Gilets Jaunes : les casseurs doivent-ils payer ?

Gilets Jaunes ©VALERY HACHE - AFP
Des contraventions pour décourager les Gilets Jaunes de venir sur les ronds-points. ©VALERY HACHE - AFP

Faut-il faire payer les casseurs ? C’est la question posée aux auditeurs par  Véronique Jacquier dans "Info vérité" sur Sud Radio le 9 Janvier. Avec pour invités :
- Maïlys Sanchez, Gilet Jaune à Perpignan ;
- Marcel Bénézet, président de la branche des cafés bars et brasseries du SYNHORCAT (Syndicat National des Hôteliers Restaurateurs Cafetiers et Traiteurs) ;
- Idhir Ghanes, gilet jaune de Massy, informaticien ;
- Philippe-Henry Honneger, avocat pénaliste au cabinet Ruben & associés.

"Info Vérité" est diffusée tous les jours à 7h10 et 9h15 dans la matinale animée par Cécile de Ménibus et Patrick Roger.

Edouard Philippe a validé le principe du casseur-payeur lundi soir sur TF1. Pour autant, est-ce une évidence de faire payer les casseurs ? Certes, la loi le permet déjà : soit le casseur est pris la main dans le sac et est condamné à rembourser lorsqu’il comparait en justice. Soit la manifestation est organisée par un syndicat, les casseurs ne sont pas interpellés, et dans ce cas, l’organisation syndicale est alors responsable.

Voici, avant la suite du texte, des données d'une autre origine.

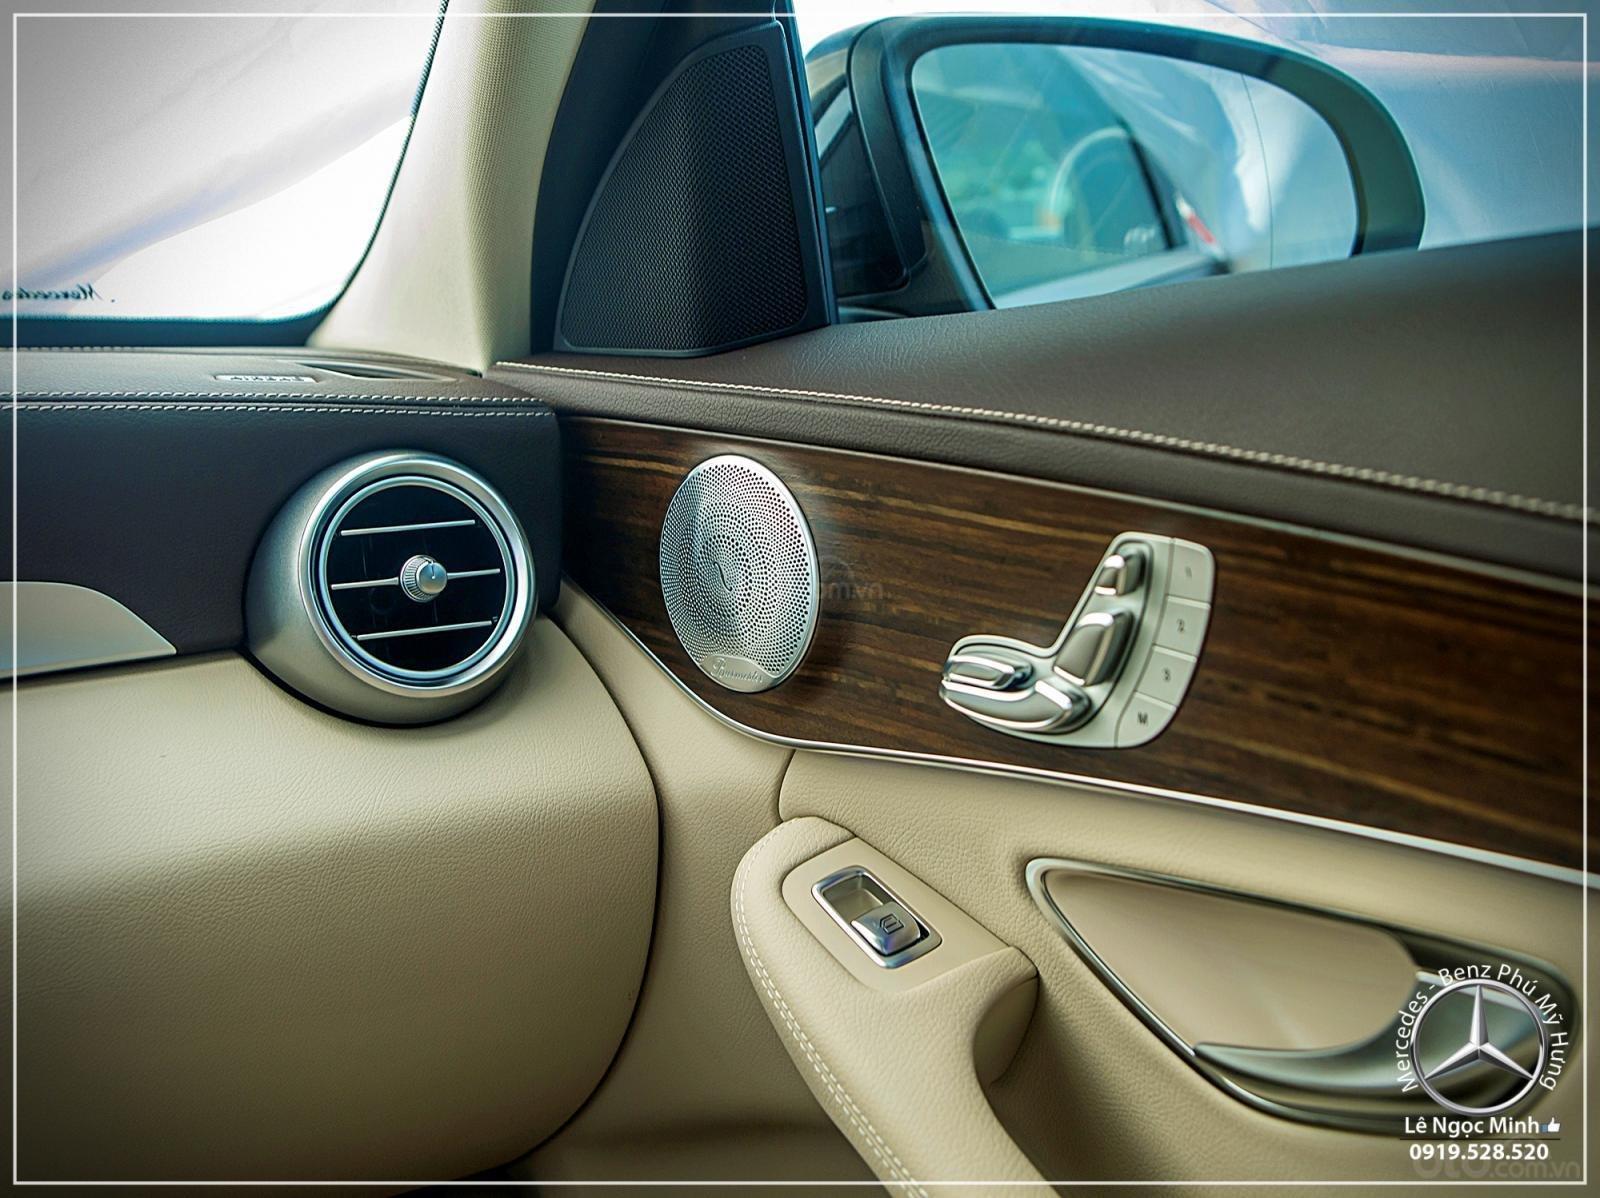 Mercedes-Benz C200 Exclusive - Hỗ trợ 100% phí trước bạ - Ưu đãi khủng trong tháng. LH: 0919 528 520-6

Aucun interlocuteur officiel

Mais dans le cas des Gilets Jaunes, il n’y a pas d’interlocuteur officiel bien que, pour la première fois, à Paris samedi, une manifestation ait été déclarée. "Mais en attendant de connaître d’éventuels Gilets Jaunes responsables, les casseurs doivent payer, souligne Véronique Jacquier. Est-ce que les paroles d’Edouard Philippe changent quelque chose dans la façon de les appréhender ? Pas du tout." D’autant plus que l’identification des casseurs est souvent très difficile. Ainsi, pour les dégradations commises sur l’Arc de Triomphe en décembre dernier, si une vingtaine de personnes ont été interpellées, les autres n’ont pas encore été identifiées. En sus de devoir analyser des centaines d’heures de vidéo, la majorité des casseurs portaient des masques et des gants...

Une sévérité à géométrie variable

Serait-il donc impossible de faire payer les casseurs dans les manifestations des Gilets Jaunes ? "C’est impossible sauf s’ils décident de déclarer toutes les manifestations et d’avoir un véritable service d’ordre afin de coopérer avec la police pour neutraliser les personnalités violentes", souligne Véronique Jacquier. Dans les conflits sociaux, il y a des précédents où des casseurs ont été lourdement condamnés : six anciens Bonnets rouges ont été condamnés l’an passé à verser plus de 200.000 euros à l’État pour l’incendie d’un portique écotaxe dans la Manche en 2013.

Une autre arme est utilisée au quotidien pour décourager les Gilets Jaunes : de simples contraventions. "J’en ai déjà reçu deux parce que j’avais ma voiture sur le rond-point du péage nord de Perpignan pour apporter des repas pour les Gilets Jaunes, confie Maïlys Sanchez. Au début du mouvement, ils nous laissaient monter sur le rond-point déposer à manger et se garer autour. Du jour au lendemain, ils ont commencé à venir mettre des amendes. Les cagnottes mises en place ne suffiront pas à payer toutes les amendes, mais nous verrons cela entre nous. Cela a fonctionné, nous faisons du covoiturage et nous sommes beaucoup moins qu’au début. Mais nous sommes toujours là."

Au-delà des incantations et des contraventions, sur le principe du casseur-payeur, Edouard Philippe n’a toutefois pas la même sévérité avec les auteurs de dégradations commises lors d’échauffourées en banlieue ou avec les étudiants responsables de 5 millions d’euros de dégradations lors du blocage des universités en juin dernier. Pourtant, ces étudiants casseurs étaient parfaitement identifiables. "Moralité : bien sûr que les casseurs doivent payer mais il est fort probable que les paroles d’Edouard Philippe restent des incantations. Heureusement le contribuable est toujours là pour payer l’addition."